FIG. 4 is a schematic diagram of a conventional single wafer cleaning apparatus.

[Explanation of symbols]

 Reference Signs List 11 chamber 11a bottom plate 11b second center magnet 12 wafer 13 disk stage 13a first center magnet 13b first peripheral magnet 14 nozzle 16 driving disk 16a second peripheral magnet 17 rotating shaft

 ────────────────────────────────────────────────── ─── Continuing on the front page (72) Inventor Kazunari Takaishi 1-297 Kitabukuro-cho, Omiya-shi, Saitama Mitsubishi Materials Silicon Research Center F-term (reference) 3B201 AA03 AB01 AB34 AB42 BB22 BB92 BB93 CB01

Claims (1)

[Claims] 1. A disk which is provided rotatably in a horizontal state inside said chamber (11) at a predetermined distance from a bottom plate (11a) of the chamber (11) and holds a single wafer (12) on an upper surface.
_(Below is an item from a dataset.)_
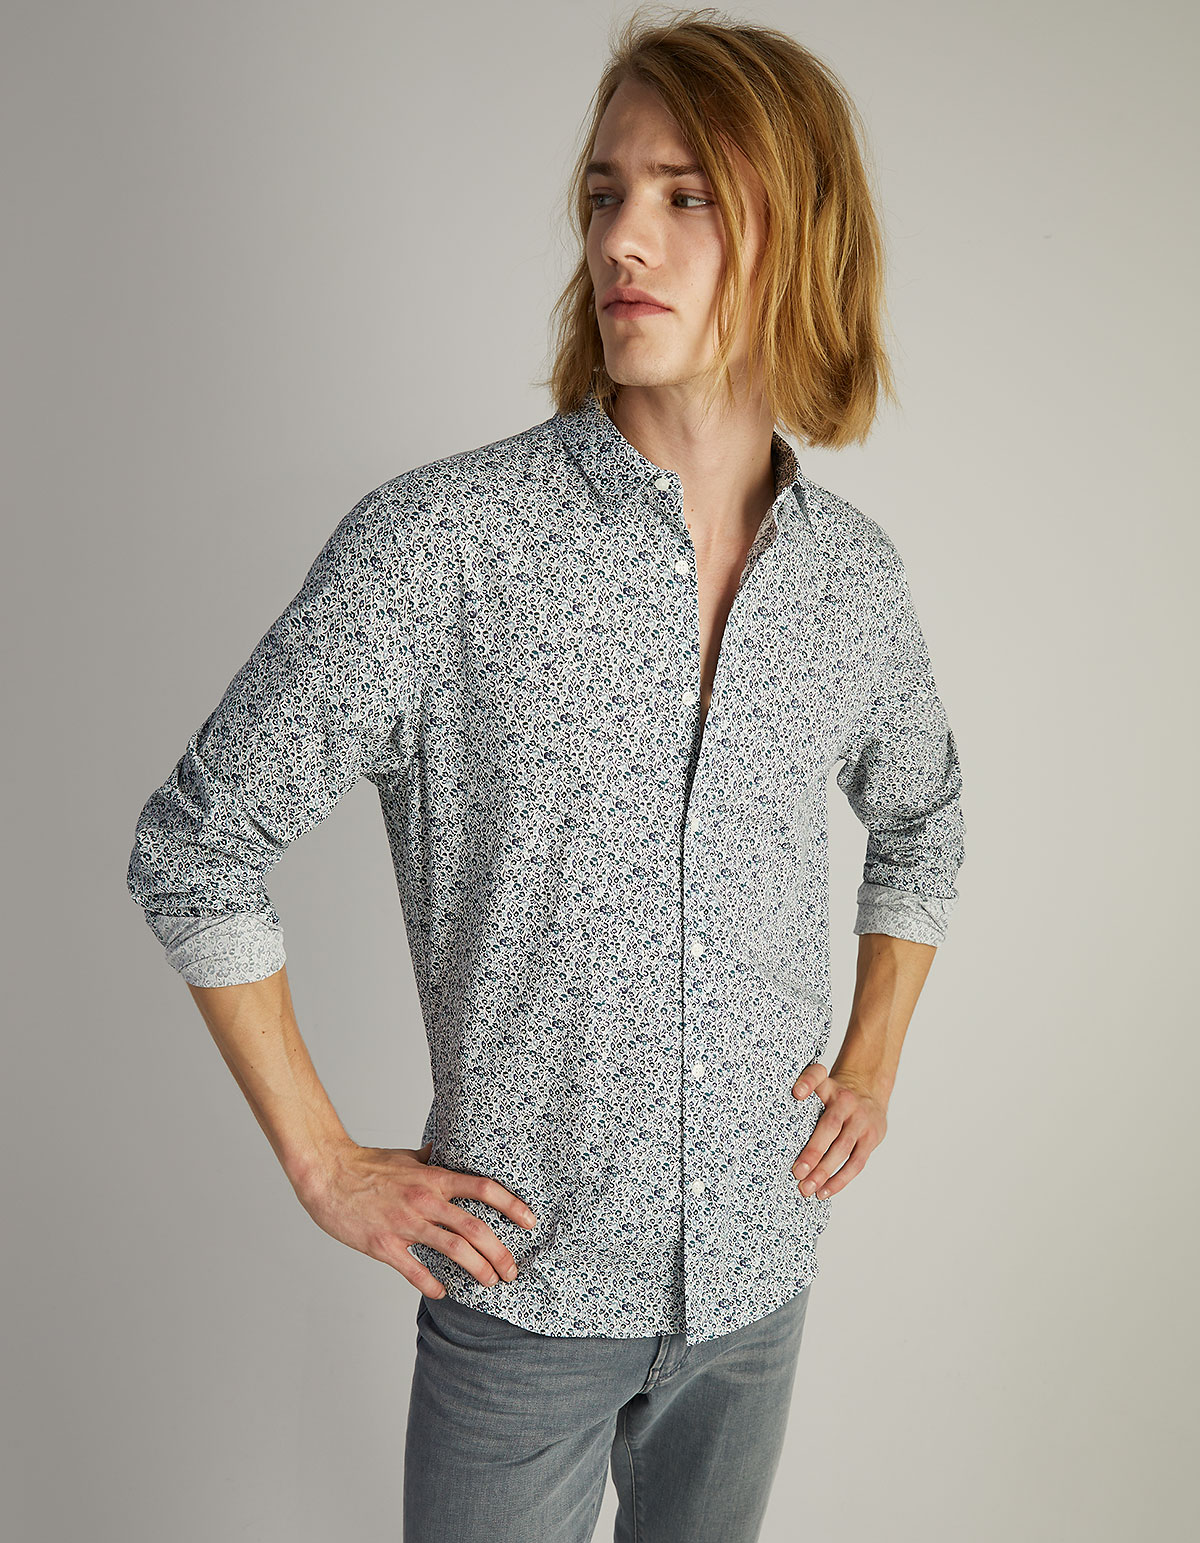 Men’s aqua floral print SLIM shirt

Stage (13), a nozzle (14) for supplying a cleaning liquid to the wafer (12) held on the stage (13), the cleaning liquid supplied to the wafer (12) surface by the nozzle (14) The wafer (12) is spread evenly over the entire surface of the wafer (12) by the centrifugal force generated by the rotation of the stage (13).
In the single wafer cleaning apparatus configured to clean the substrate, a bottom plate (11a) of the chamber is formed of a non-magnetic material, and a first center magnet (13a) is fixed to a center of a bottom surface of the stage (13). A plurality of first peripheral magnets (13
b) is disposed, and the bottom plate of the chamber facing the first center magnet (13a)
(11a) A second center magnet (11b) having the same tip polarity as the tip polarity of the first center magnet (13a) is fixed on the upper surface at an interval from the first center magnet (13a), and a bottom plate of the chamber is provided. A driving disk (16) that is rotatable in a horizontal state and has the same rotation center as the stage (13) is provided outside the chamber (11) at a predetermined interval from (11a), A plurality of second peripheral magnets (16a) having a tip polarity different from the tip polarity of the first peripheral magnet (13b) are provided on the upper surface of the disk (16) in opposition to the first peripheral magnet (13b), A rotation axis for rotating the disk (16) at the center of the disk (16)
A single wafer cleaning apparatus characterized in that (17) is fixed.